Rebeca Plana: Begin the Beguine

Alejandro Guijarro: 36 Views from Within

Begin the Beguine is Rebeca Plana’s first exhibition as a represented artist in Álvaro Alcázar gallery. Ten new, large-format works and realized in the previous months exclusively for this show, are display representing a shared desire: to start again.

The 195 x 162 cm paintings reveal the fluid and fast gestural imprint that characterizes the artist, whose practice is highly direct and fresh. These works are made on linen, a completely new medium for the artist, who, despite considering it complex, admits that it “has a lot of presence” and confirms her interest and curiosity in the use of different materials.

Her practice highlights the diversity of colors and their importance in transmitting numerous sensations. They work as a reflection of the inputs that the artist receives on a daily basis. She reuses, almost as a let motiv, the color green for example, is a color which makes her feel comfortable and consideres it as a reflection o a “wonderful magic”.She also uses the fluorescent orange that, according to her, puts in a latent way and provides that light which is much needed today in contrast to other more stormy colors.

Rebeca Plana should be addressed as an in-formalist artist and her paintings are a reflection of her passionate and rapturous character. She considers that her own essence is painting, therefore she paints because she has to paint and she can do it from the needle but it always has to be in calm conditions: “I like to say that I paint from the stomach and not from the heart , because the anger comes out of your guts, even if you are learning to control it”.

In this period of wide uncertainty, each one focuses on their ability and Rebeca Plana knows how to paint and express her feelings. She starts again.

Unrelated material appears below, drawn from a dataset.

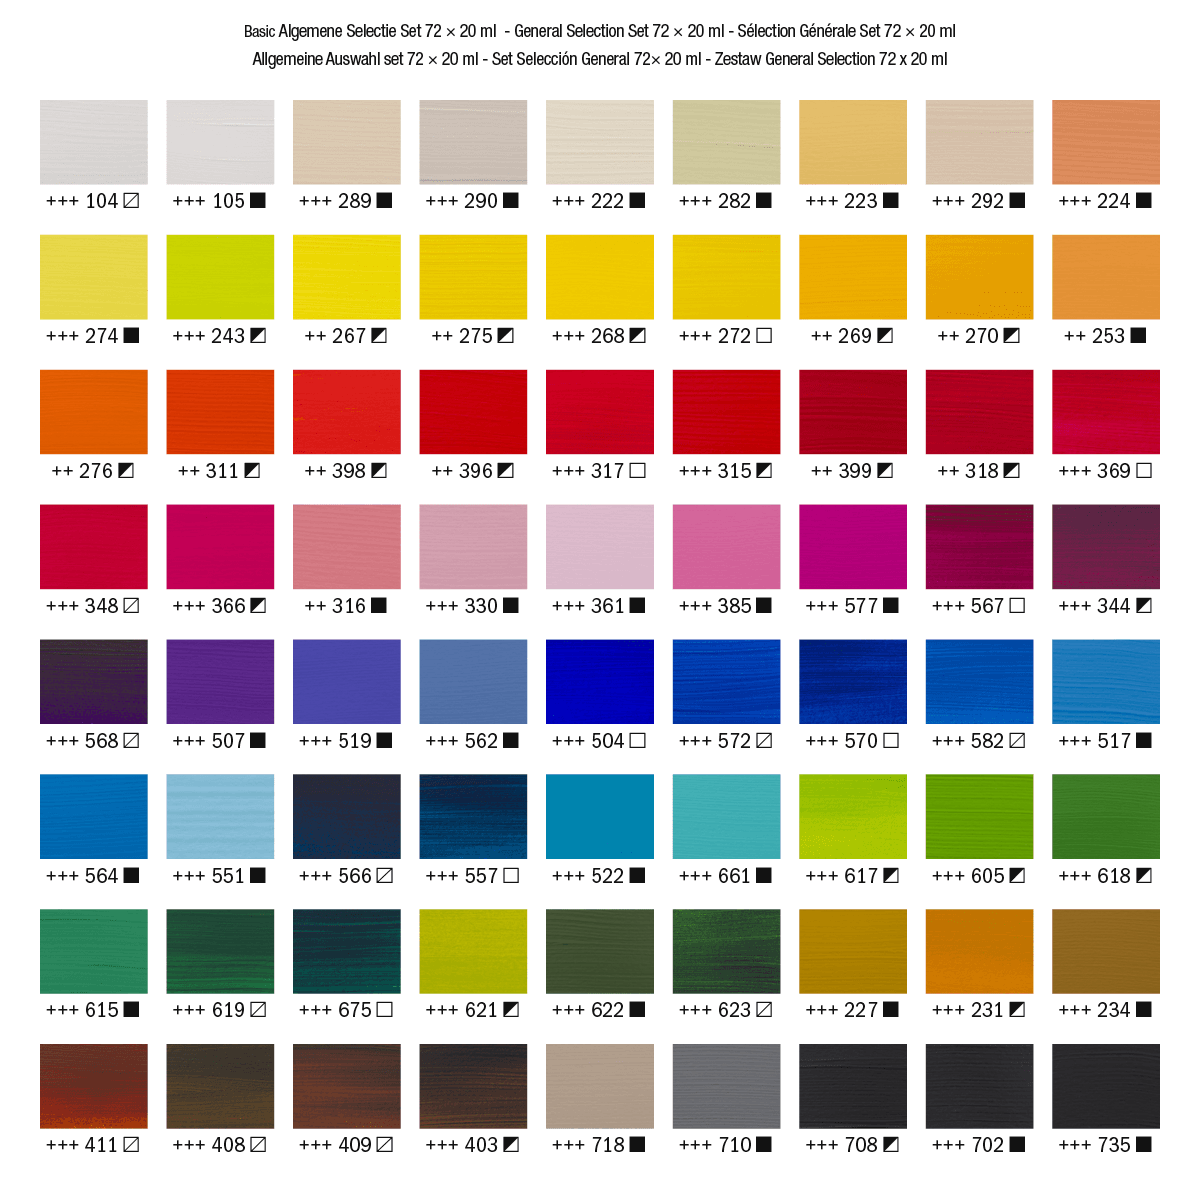 Amsterdam Standard Acrylic Paint Set: 12 Colors

The photographer Alejandro Guijarro, for his exhibition in Álvaro Alcázar gallery, displays 36 images where photography is shown at its intersection with other media such as painting or print. His creative process reveals a technique closely related to surrealist painting: decalcomania.

This technique, so widely used by artists such as Óscar Domínguez or Max Ernst, among others, is known as one of the so-called mechanical or automatic painting processes. Using a now obsolete type of instant film and its chemicals process such as pigments, Alejandro Guijarro brings this technique to the field of photography, blurring the line between the real and the fictitious, between the tangible and the imagined: “this work establishes a fictitious space. From my study, I document the world with my eyes closed”.

The artist breaks the limits of the photographic image and creates a fragmented relationship between the object and its representation. Thus reality and his visual experience are further questioned. In this way, the artist manages to create a series of landscapes that honor Katsushika Hokusai and his 36 views of Mount Fuji. He considers it an interior journey through landscapes that have a geographical reference and invites us as spectators to create our own journey.